Gaza está em toda a parte é o título do mais recente livro de Alexandra Lucas Coelho, que reúne reportagens, crónicas, e textos nunca publicados. Em entrevista ao Esquerda.net, a autora fala sobre "a linha do tempo" do genocídio em Gaza que este livro em formato de 'arquivo' compreende.


Este é um livro que reúne vários formatos literários, fotográficos e até cartográficos. Acaba ele próprio por ser um mapa da Palestina pós-7 de outubro. Porque é que surge agora e com que lógica é que articulas estes diferentes formatos num sentido literário?

A 7 de Outubro de 2023 voltei a casa de uma caminhada, peguei no telefone e ao ver as notícias tive a sensação nítida de que o tempo se abria ali. Nada seria igual. Ao fim do dia consegui comprar um voo para Telavive, entre tantos cancelados. Já não trabalhava como repórter havia anos, não tinha qualquer plano, simplesmente precisava de ir, queria estar lá. Palestina/Israel, era parte da minha vida desde 2002: mais de duas décadas a ver o avanço da ocupação na Cisjordânia, em Jerusalém Oriental; e em Gaza dois milhões de humanos enclausurados, de facto abandonados por todos os governos, algo sem paralelo na Terra.

Esse voo acabou por ser cancelado na escala, fui forçada a voltar. Dois ou três dias depois, Israel começou a deslocar em massa as pessoas em Gaza. Decidi escrever um texto, perguntei ao Público se o publicavam. Tinha de fazer o que eu podia fazer: pensar o que estava em curso ligando pontos, partilhando tantos anos no terreno, tantas idas a Gaza. E isso seria também combater o que já se anunciava desde aqueles primeiras semanas de Outubro, com a colaboração ou o silêncio de Portugal e da Europa: um horror inédito no nosso tempo.

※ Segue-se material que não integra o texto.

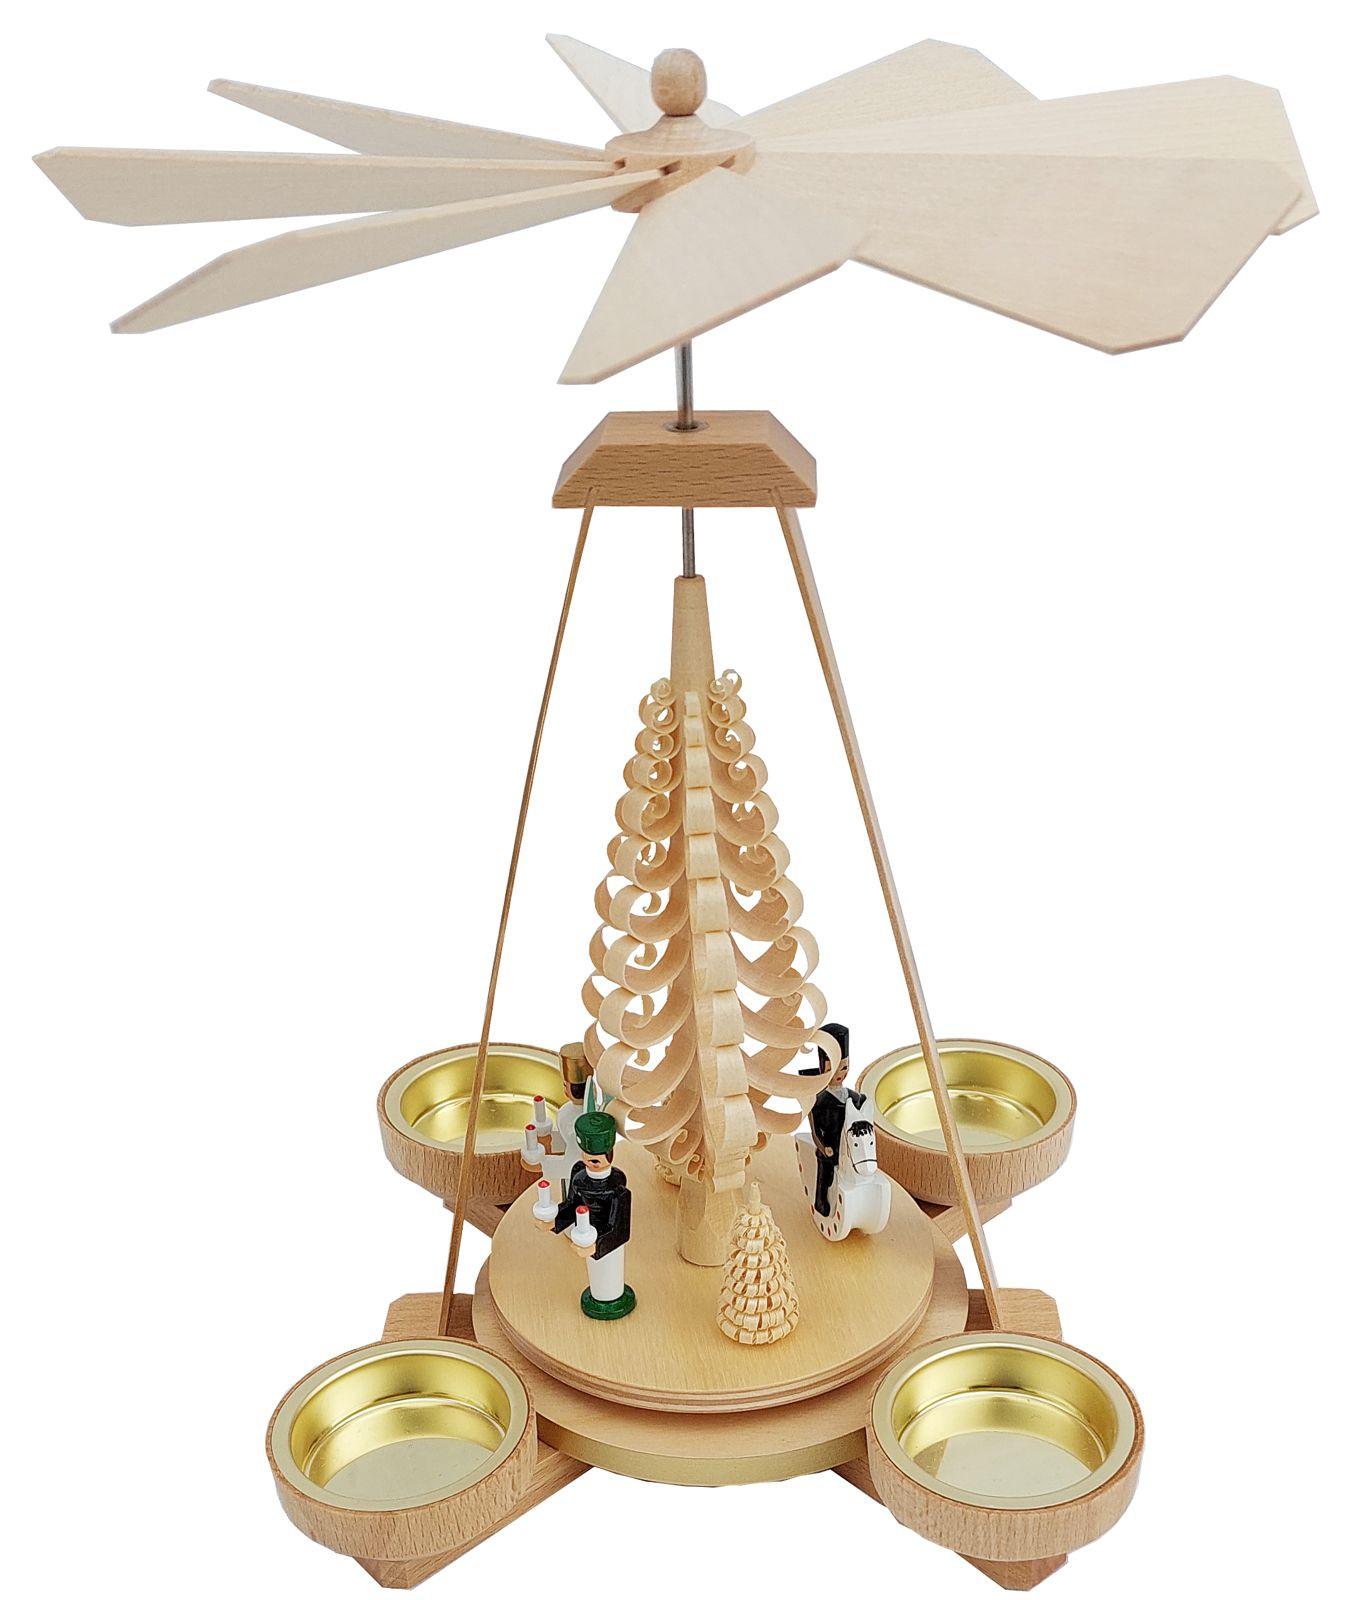 Seiffener Handwerksschau Teelichtpyramide Erzgebirge
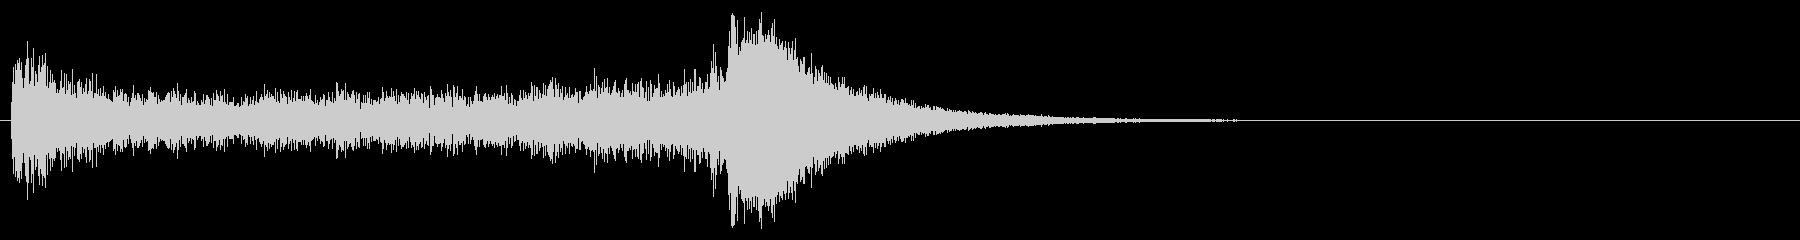 汎用07 ドラムロール(5秒でシンバル)の未再生の波形

Era muito difícil dormir, fazer ou sequer pensar outras coisas. Então, continuei a escrever textos não-solicitados, que o jornal foi acolhendo. Em Dezembro foi possível combinar com o Público uma série de reportagens lá durante um mês (uma ida viabilizada também por uma série de diretos que propus à CNN). Após esse mês, voltei a enviar textos de opinião avulsos para o jornal, até que sugeri uma coluna quinzenal, que se concretizou em Julho de 2024 (durou até Março seguinte). Pelo fim de 2024 comecei a pensar num livro. Inicialmente, seria só para reunir esses textos pós-7 de Outubro. Mas quando fui reler a minha última ida a Gaza seis anos antes, e depois achei as fotografias dessa estadia, tudo aquilo parecia ser a véspera do ataque do Hamas. O sufoco à beira de explodir. Então, o livro começou a ter várias camadas, com Gaza a abrir, como introdução: o único texto do livro que é pré-7 de Outubro, situando os leitores num território onde a imprensa internacional não mais pôde entrar, dando o contexto para o que se segue: a crónica de um genocídio em direto, nos nossos telefones.

"Gaza Está em Toda a Parte" é assim a linha do tempo deste genocídio, avançando data a data por cima de cada texto. As datas são a matança & o silêncio em movimento. Como, na parte de baixo, as notas de rodapé são outra camada, actualizando, contextualizando ou dando as referências do que está no texto.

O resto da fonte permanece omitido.